Слова, не в меньшей, если не в большей мере относящиеся и к стихотворению «В тот день, когда окончилась война…» (1948)! Победные залпы означали, что «кроясь дымкой, он уходит вдаль, заполненный товарищами берег», и погибшие, может быть, впервые так неотступно стояли перед глазами живых, которые до тех пор были «от их судьбы всегда неподалеку»:

Вот так, судьбой своею смущены,

Прощались мы на празднике с друзьями.

И с теми, что в последний день войны

Еще в строю стояли вместе с нами;

И с теми, что ее великий путь

Пройти смогли едва наполовину;

И с теми, чьи могилы где-нибудь

Еще у Волги обтекали глиной;

И с теми, что под самою Москвой

В снегах глубоких заняли постели,

В ее предместьях на передовой

Зимою сорок первого; и с теми,

Что, умирая, даже не могли

Рассчитывать на святость их покоя

Последнего, под холмиком земли,

Насыпанном нечуждою рукою.

Со всеми — пусть не равен их удел, —

Кто перед смертью вышел в генералы,

А кто в сержанты выйти не успел —

Такой был срок ему отпущен малый.

Со всеми, отошедшими от нас,

Причастными одной великой сени

Знамен, склоненных, как велит приказ, —

Со всеми, до единого со всеми

Простились мы.

И смолкнул гул пальбы,

И время шло. И с той поры над ними

Березы, вербы, клены и дубы

В который раз листву свою сменили.

Мерный грохот орудий и скорбную тишину — все вместили эти величавые строки. «И с теми… И с теми… Со всеми… Со всеми…» — какая торжественная печаль во внешне монотонном повторе! И благодаря тому, что этот суровый перечень внезапно обрывается посреди строки, а затем следуют две короткие фразы, мы и впрямь слышим, как «смолкнул гул пальбы», сменяясь тишиной и отсчетом иных, мирных лет.

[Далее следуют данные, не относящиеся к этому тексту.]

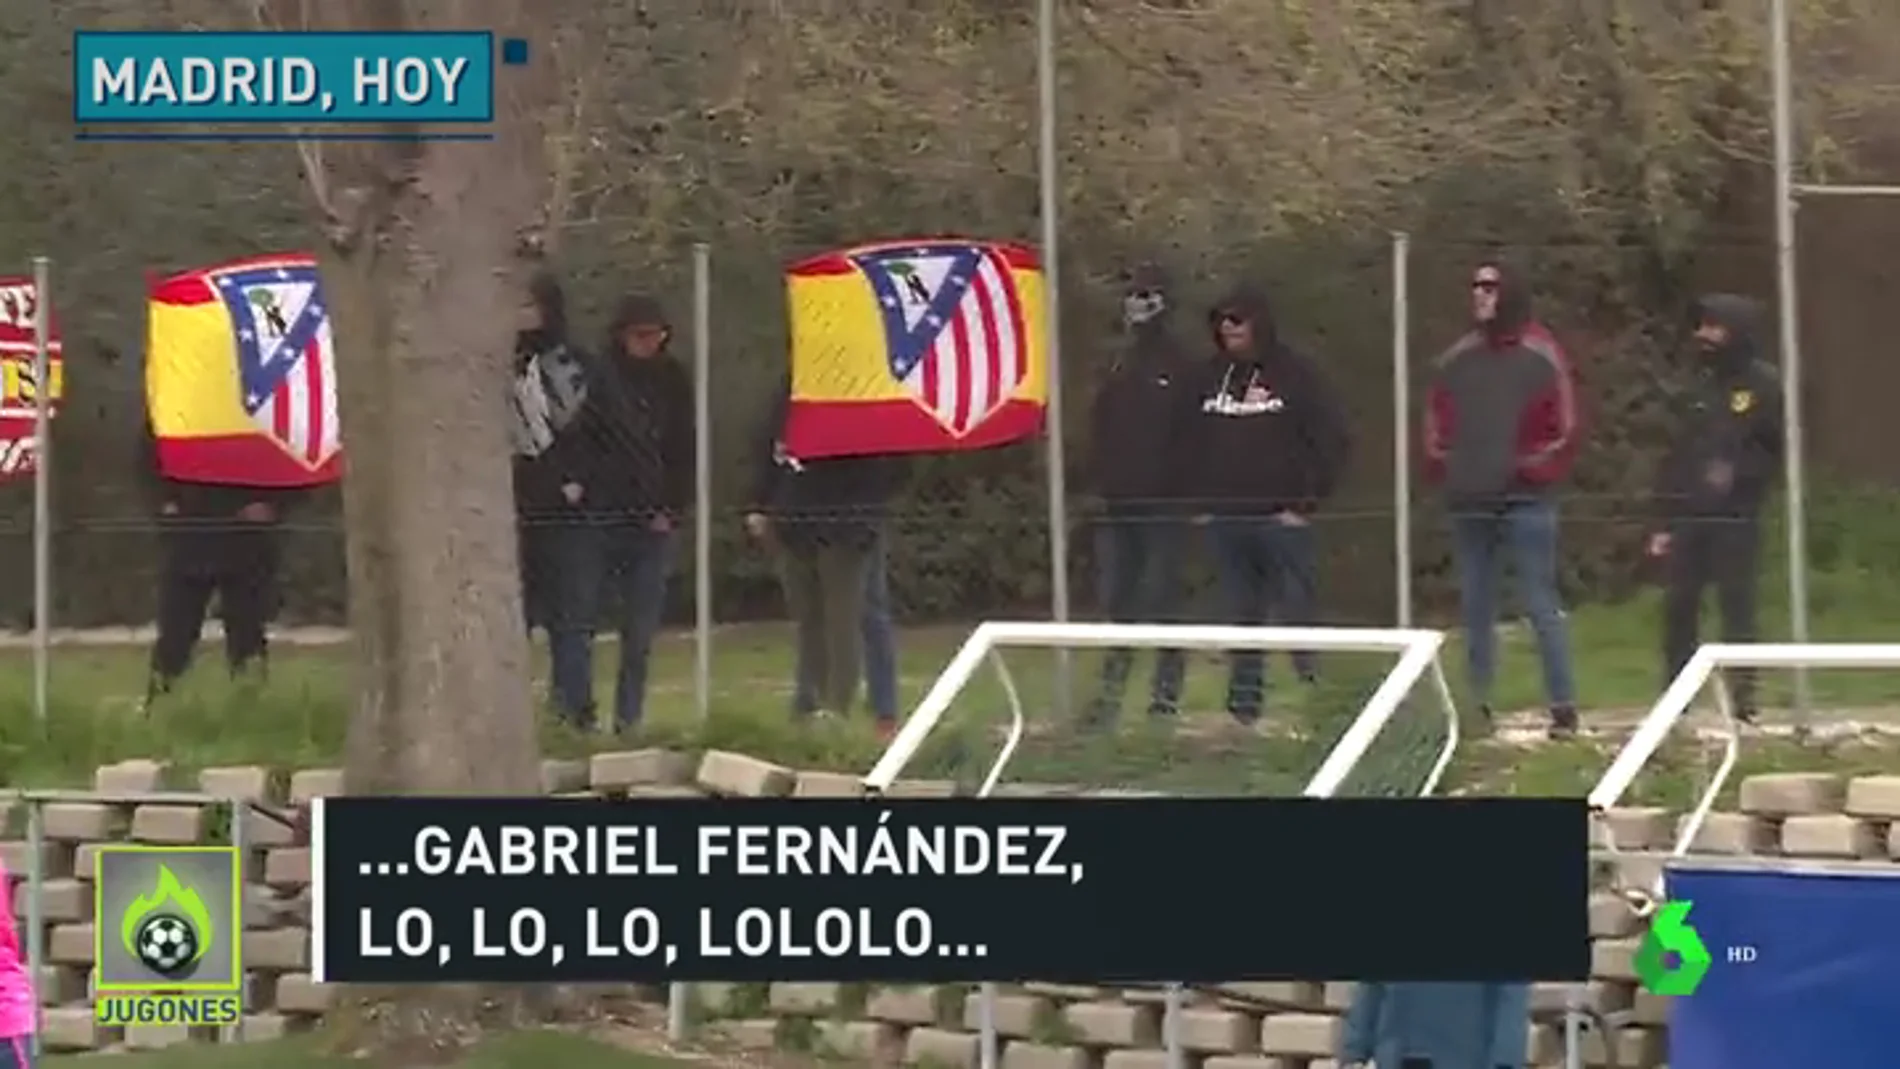 La polémica del escudo del Atlético continúa: el Frente se presenta en el entrenamiento y vitorea a Gabi

Когда спустя целые десятилетия эти стихи прозвучали по радио в День Победы, почта принесла автору письмо, от которого сжимается сердце:

«Мой сын пропал без вести… И вот сегодня, слушая по радио… где Вы говорите про день победы и про салют, который разъединил живых с мертвыми, и что этот салют Вам напоминает о погибших, которых Вы не забываете никогда. Слушая Вас, я была потрясена, я плакала и сейчас плачу, пиша это письмо, плачу безумно, горькими, но счастливыми слезами: за долгие годы моего горя, и притом одинокого, потому что у меня на всем СССР нет никого из родных — все поумирали. Вы только один поняли мое горе и что у меня сейчас на душе… Я очень бедна, но горда и людей люблю, но им низко не кланяюсь; а Вам я кланяюсь до самой земли, низкий, низкий мой поклон Вам и большое спасибо от нас, матерей, и от погибших наших сыновей».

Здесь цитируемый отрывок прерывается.